**What you should do:** Restate word for word the lines in the listing below, starting at the line containing "Plasteo Kanister 10L" and ending at the line containing "Skarpworld 10: Milk", both included; leave out the rest.

**The input:**
BEGIN

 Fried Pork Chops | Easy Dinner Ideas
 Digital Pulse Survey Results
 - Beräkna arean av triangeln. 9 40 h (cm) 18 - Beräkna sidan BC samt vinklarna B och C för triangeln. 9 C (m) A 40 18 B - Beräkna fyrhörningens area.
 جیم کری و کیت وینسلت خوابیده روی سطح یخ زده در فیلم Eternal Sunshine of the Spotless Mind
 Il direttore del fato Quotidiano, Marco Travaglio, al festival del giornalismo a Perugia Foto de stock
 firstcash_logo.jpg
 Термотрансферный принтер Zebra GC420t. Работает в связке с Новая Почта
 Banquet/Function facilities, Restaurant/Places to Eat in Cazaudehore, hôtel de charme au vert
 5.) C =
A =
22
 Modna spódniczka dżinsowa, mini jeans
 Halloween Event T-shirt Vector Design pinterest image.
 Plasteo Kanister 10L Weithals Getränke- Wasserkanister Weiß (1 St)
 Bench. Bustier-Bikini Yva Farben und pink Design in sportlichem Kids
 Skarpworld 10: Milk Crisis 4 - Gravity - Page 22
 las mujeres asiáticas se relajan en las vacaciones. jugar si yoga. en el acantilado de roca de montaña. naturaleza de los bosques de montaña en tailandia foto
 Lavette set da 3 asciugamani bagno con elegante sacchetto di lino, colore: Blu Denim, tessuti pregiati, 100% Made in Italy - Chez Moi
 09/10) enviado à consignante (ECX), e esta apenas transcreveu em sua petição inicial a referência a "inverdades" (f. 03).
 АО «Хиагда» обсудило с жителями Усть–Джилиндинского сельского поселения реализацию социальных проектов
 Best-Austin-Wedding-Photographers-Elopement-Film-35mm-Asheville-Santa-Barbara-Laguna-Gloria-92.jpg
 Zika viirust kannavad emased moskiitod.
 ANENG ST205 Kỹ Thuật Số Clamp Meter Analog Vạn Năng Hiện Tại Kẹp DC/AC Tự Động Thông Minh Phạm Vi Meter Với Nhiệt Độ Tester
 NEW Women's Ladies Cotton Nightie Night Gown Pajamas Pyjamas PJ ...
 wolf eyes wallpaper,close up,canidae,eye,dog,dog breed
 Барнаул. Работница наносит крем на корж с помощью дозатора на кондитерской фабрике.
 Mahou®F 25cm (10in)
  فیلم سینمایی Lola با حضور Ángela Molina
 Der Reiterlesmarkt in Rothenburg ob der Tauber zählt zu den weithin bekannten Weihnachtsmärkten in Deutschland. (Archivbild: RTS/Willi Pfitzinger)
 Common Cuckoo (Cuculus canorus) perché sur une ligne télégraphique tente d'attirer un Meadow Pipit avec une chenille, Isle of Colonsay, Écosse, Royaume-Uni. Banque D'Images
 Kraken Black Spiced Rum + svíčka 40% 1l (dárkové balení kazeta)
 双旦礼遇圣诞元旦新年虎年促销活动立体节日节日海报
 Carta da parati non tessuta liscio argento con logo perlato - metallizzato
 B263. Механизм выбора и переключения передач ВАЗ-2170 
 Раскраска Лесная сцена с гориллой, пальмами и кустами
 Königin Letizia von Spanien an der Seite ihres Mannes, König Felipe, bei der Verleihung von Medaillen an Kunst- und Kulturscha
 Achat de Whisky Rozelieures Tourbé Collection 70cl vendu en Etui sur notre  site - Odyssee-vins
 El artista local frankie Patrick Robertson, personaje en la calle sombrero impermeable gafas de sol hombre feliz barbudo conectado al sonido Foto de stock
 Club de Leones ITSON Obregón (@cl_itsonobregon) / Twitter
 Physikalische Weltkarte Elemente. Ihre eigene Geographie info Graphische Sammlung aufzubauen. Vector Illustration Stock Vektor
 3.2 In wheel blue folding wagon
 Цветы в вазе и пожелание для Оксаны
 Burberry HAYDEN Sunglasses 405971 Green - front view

END

**Exercise solution:**
 Plasteo Kanister 10L Weithals Getränke- Wasserkanister Weiß (1 St)
 Bench. Bustier-Bikini Yva Farben und pink Design in sportlichem Kids
 Skarpworld 10: Milk Crisis 4 - Gravity - Page 22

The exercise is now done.